Quando la disco italiana vendeva milioni di dischi Den Harrow era il suo profeta. Ma era tutto falso. Dons Of The Disco non racconta solo quello ma molto di più

Critico e giornalista cinematografico


Condividi

Quella di Den Harrow è una storia praticamente sconosciuta al pubblico contemporaneo. È sconosciuto chi lui sia stato, è sconosciuto chi lui fosse veramente ed è ancora più sconosciuto chi cantasse le sue canzoni. Eppure negli anni ‘80, in Italia, c’è stato un momento in cui era più importante e di successo di Michael Jackson, e in Europa era di fatto una star. Era la star più conosciuta della italo disco, il genere che tra la fine dei ‘70 e poi lungo tutti gli ‘80 è stato uno dei più remunerativi in assoluto.
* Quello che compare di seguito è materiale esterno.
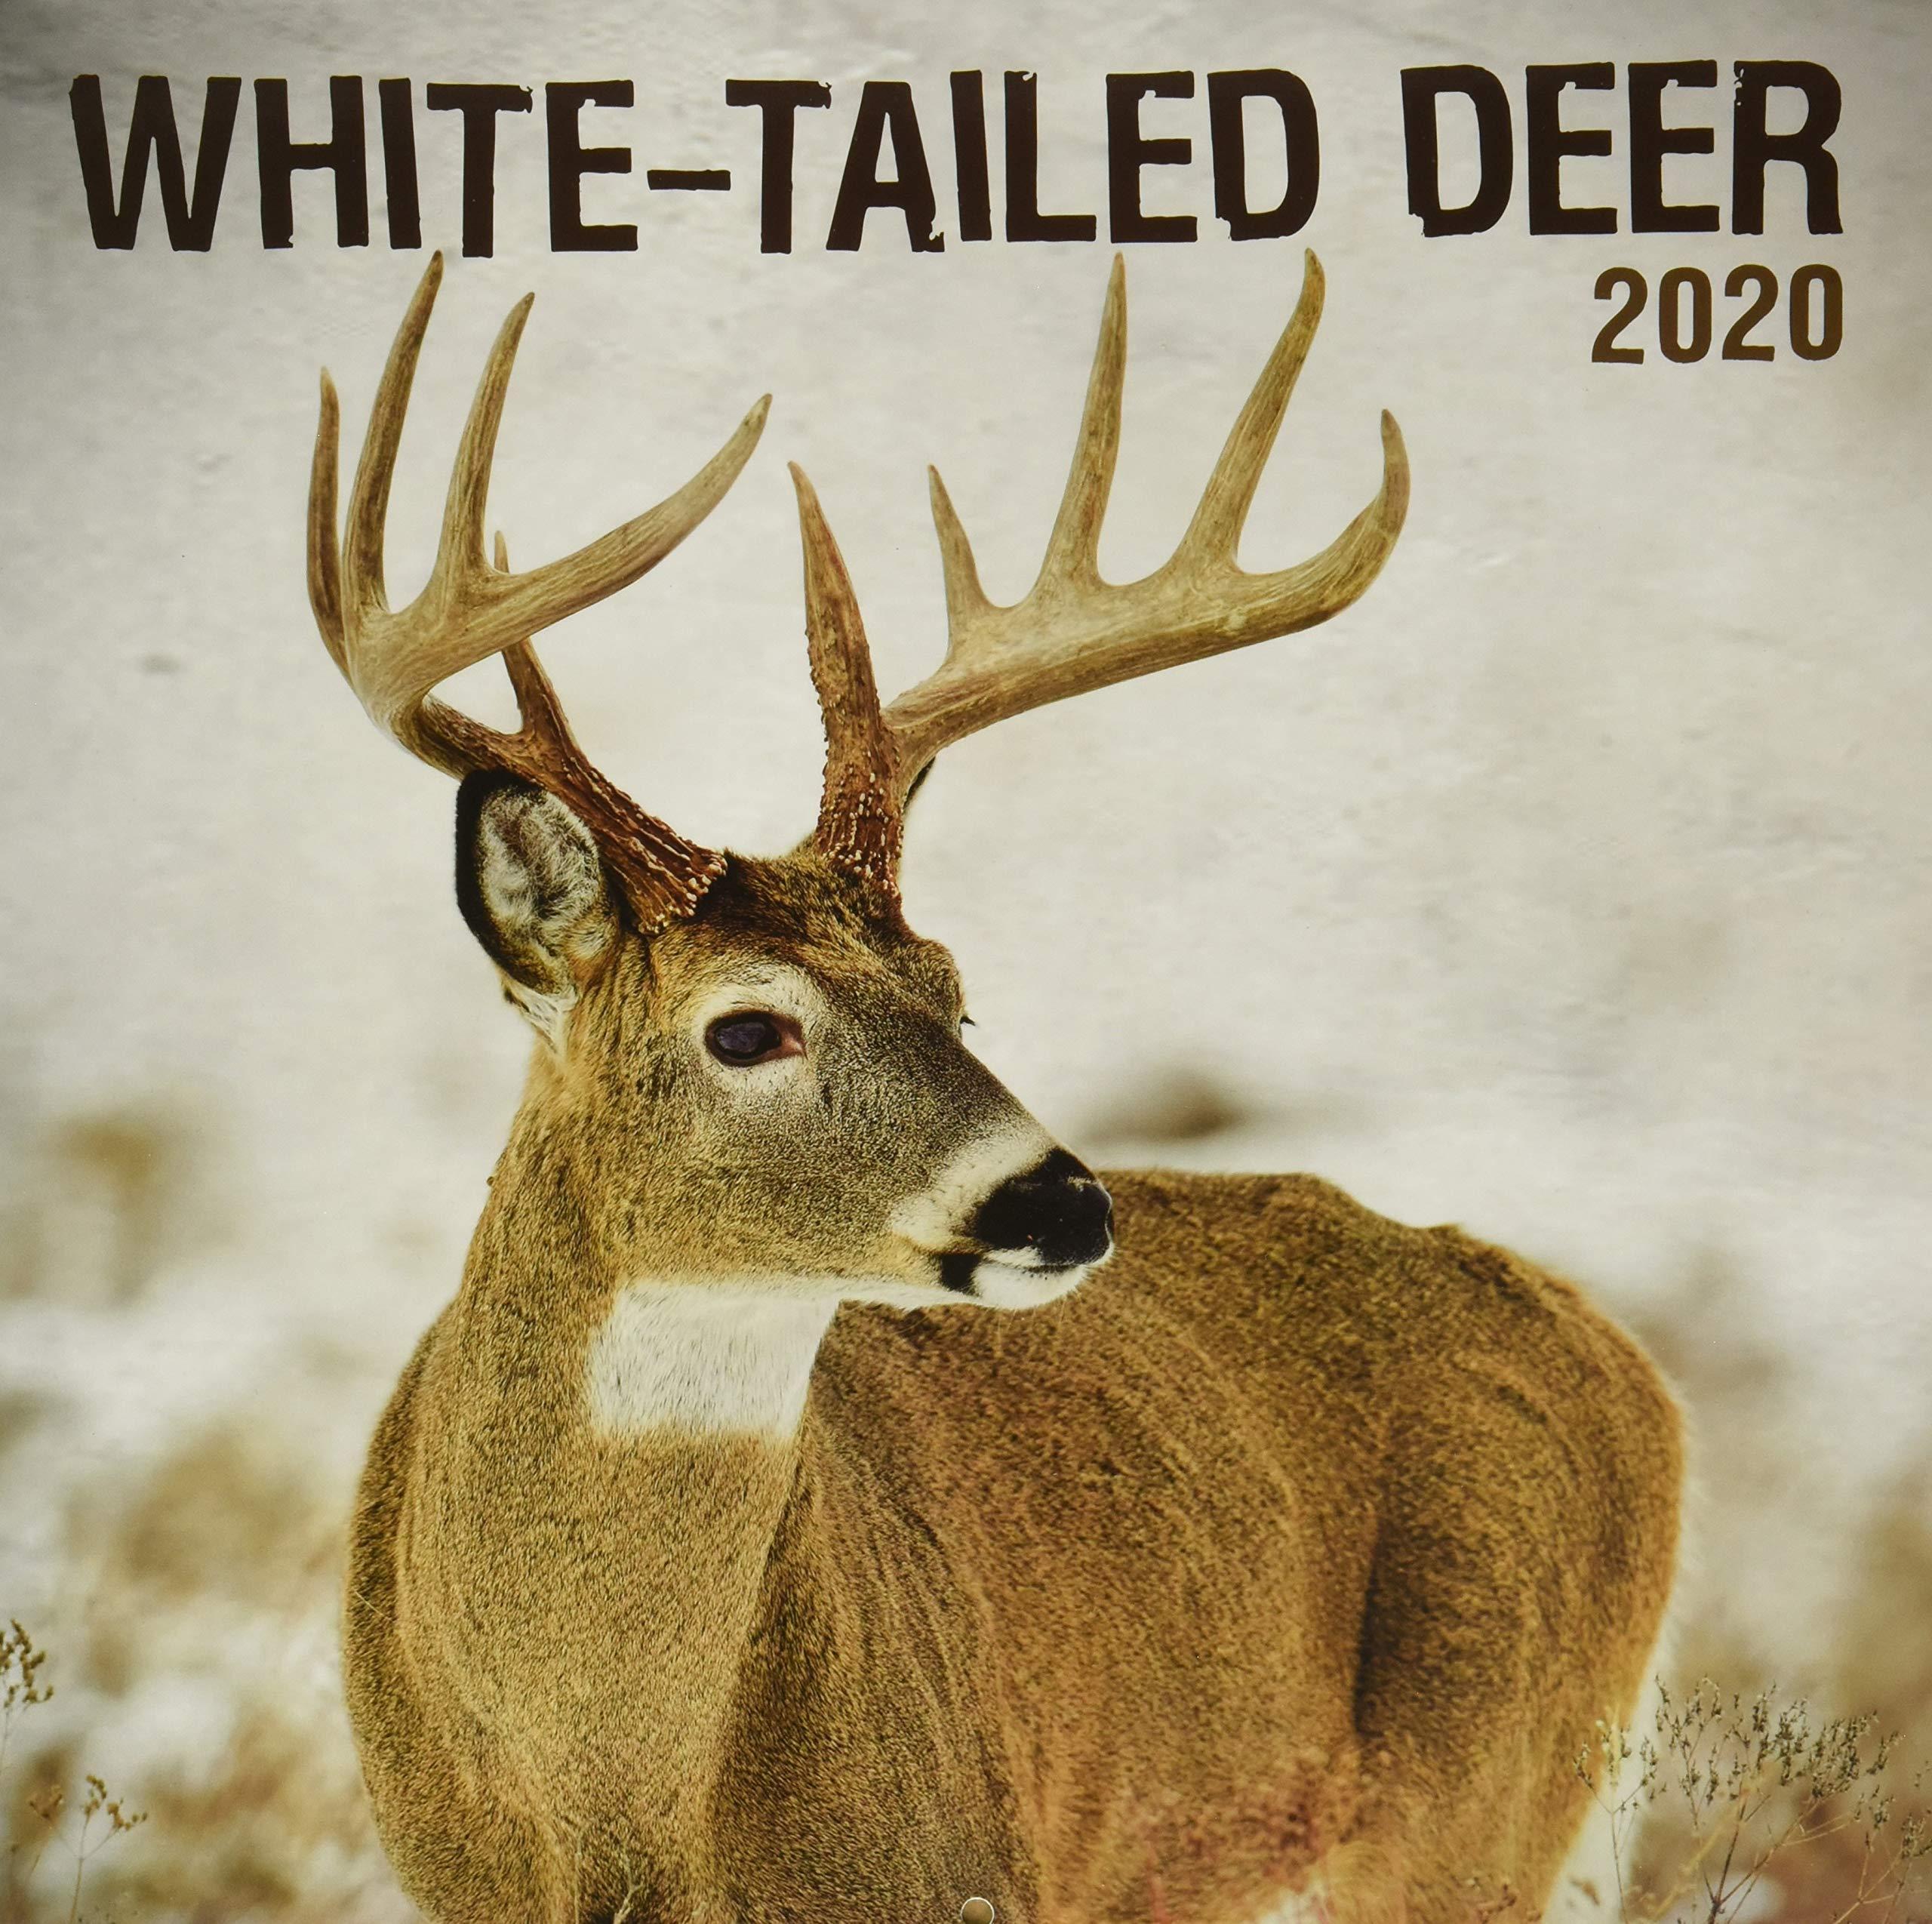 Deer Calendar 2020 White Tailed Deer 2020 Calendar: Inc. Lang Companies

Dons of the Disco non ricostruisce questa storia, se non per quel poco che serve alla comprensione dei fatti di cui tratterà, ovvero la faida tra Den Harrow (al secolo Stefano Zandri) e la persona che cantava davvero le sue canzoni mentre lui eseguiva il playback nei concerti, cioè Tom Hooker. È una storia di internet, esplosa tramite la rete. Tom Hooker ad un certo punto ha risposto online alle richieste di spiegazioni e, anni dopo la fine della fama di Den Harrow verso l’inizio dei 2000, si è scoperto che la voce di quelle canzoni era lui, mentre Den Harrow era solo il corpo. Il documentario rintraccia e segue i due oggi, uno in America l’altro in Italia, li ascolta, guarda cosa fanno, come vivono e come ancora oggi sono influenzati da quella celebrità.
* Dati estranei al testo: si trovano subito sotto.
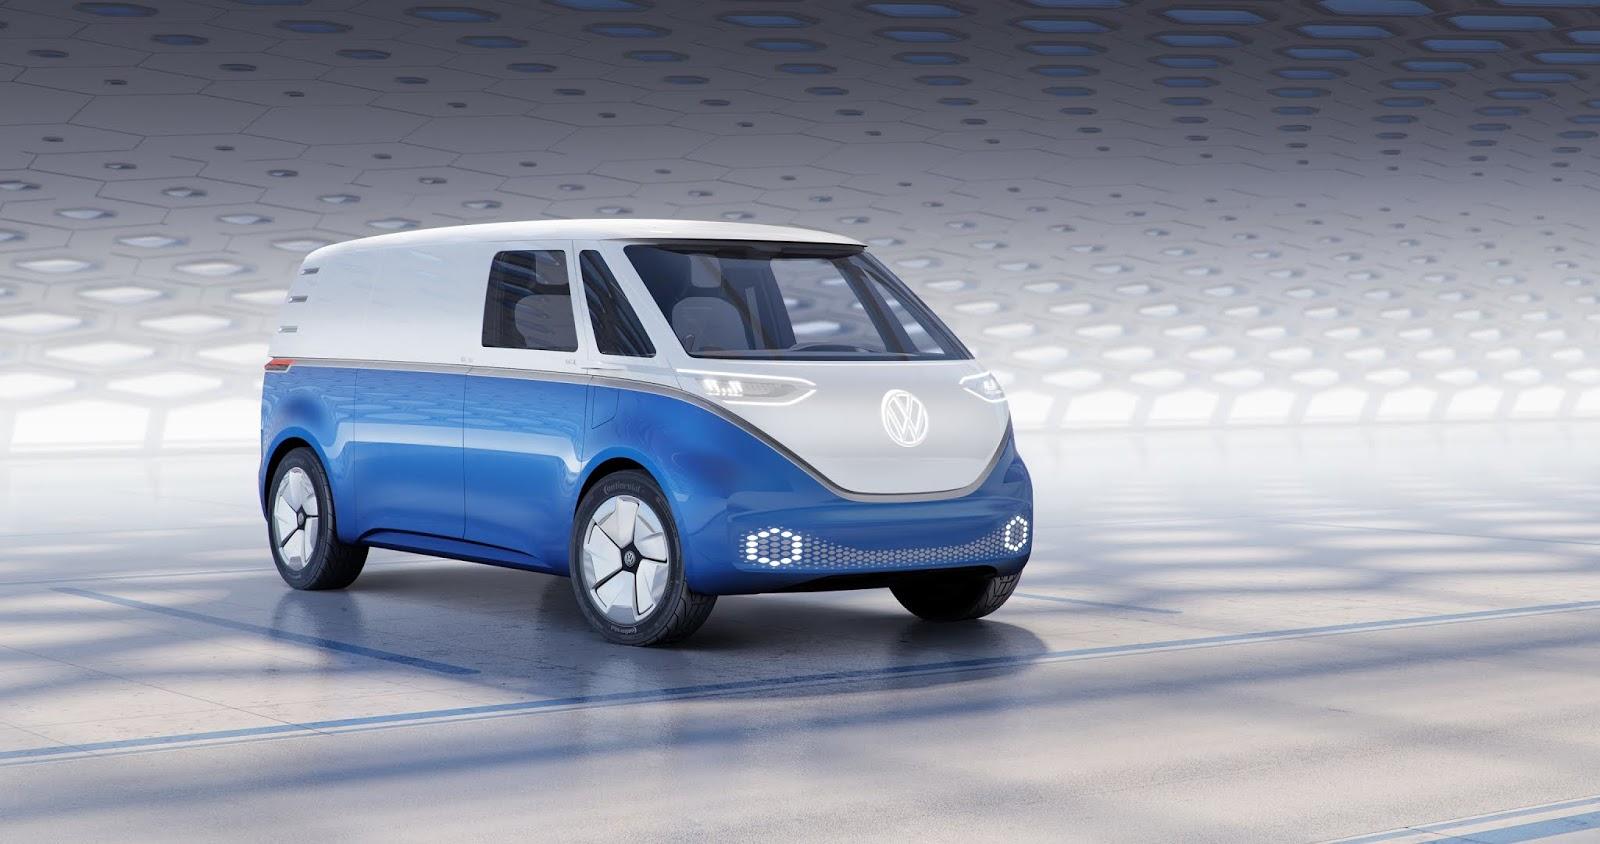 VOLKSWAGEN2BI.D.2BBUZZ2BCARGO2B1 Αυτό είναι το νέο, ηλεκτρικό βαν της Volkswagen Electric cars, Volkswagen, VW Transporter, Επαγγελματικά

Per quanto incredibile Dons Of The Disco è un documentario davvero significativo e pieno di questioni interessanti anche se non è un buon documentario. È girato in modo quasi amatoriale e in più di un punto si ha la sensazione che non faccia il miglior uso possibile del materiale che ha per le mani (il fatto che non esplori la dialettica tra immagine e contenuto negli anni ‘80 è quasi criminale, viste le possibilità). Eppure con lo scontro tra il corpo della musica, negli anni dell’inizio della videomusica, e la sostanza di essa, chi la eseguiva, è la migliore spiegazione di quel decennio. Ma anche più in profondità questa storia di truffe e ambiguità, come spesso i documentari raccontano, pone domande fondamentali sul mito del successo.
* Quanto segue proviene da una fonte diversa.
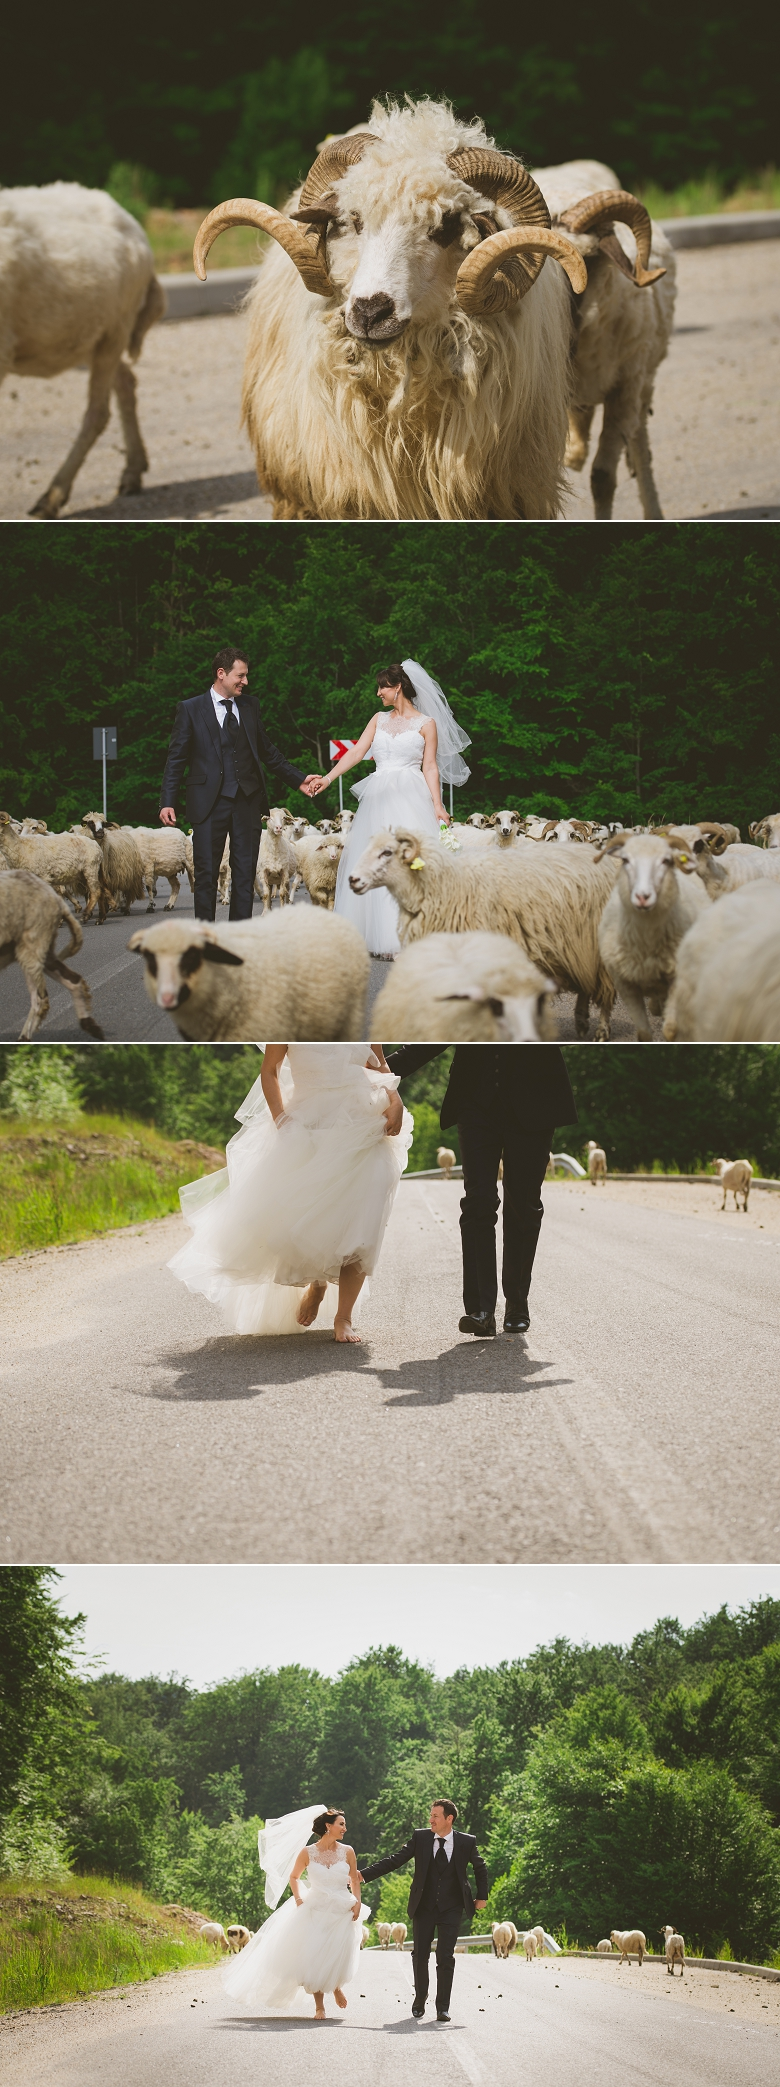 sedinta_foto_dupa_nunta_negresti_satu_mare_after_weeding_satu_mare_trash_the_dress_satu_mare 5

Den Harrow è caduto in disgrazia e ha perso tutti i soldi guadagnati quasi subito, oggi vive nel ricordo e mostra di saperlo bene. Tom Hooker invece sembra averli conservati e moltiplicati, è ricco e molto annoiato. Dons Of The Disco inizialmente induce a pendere dalla parte del vero autore perché pare la parte lesa, ma gradualmente allo svelarsi dello stato di Den Harrow, l’eroe della verità, l’uomo che si vuole riprendere il credito che merita, appare sempre di più un aguzzino. Le immagini dei due cambiano durante il film.
Involontariamente questo documentario è quasi uno studio sui meccanismi di identificazione al cinema. Si parte disprezzando Harrow, con le sue pretese e la sua endemica falsità (all’epoca addirittura si spacciava per americano) e si finisce dalla sua parte avendo un trovato in lui uno sconfitto dalla vita che si aggrappa a quel che sapeva fare, cioè “vendere” musica altrui con il suo corpo, e chiede che non gli venga levato.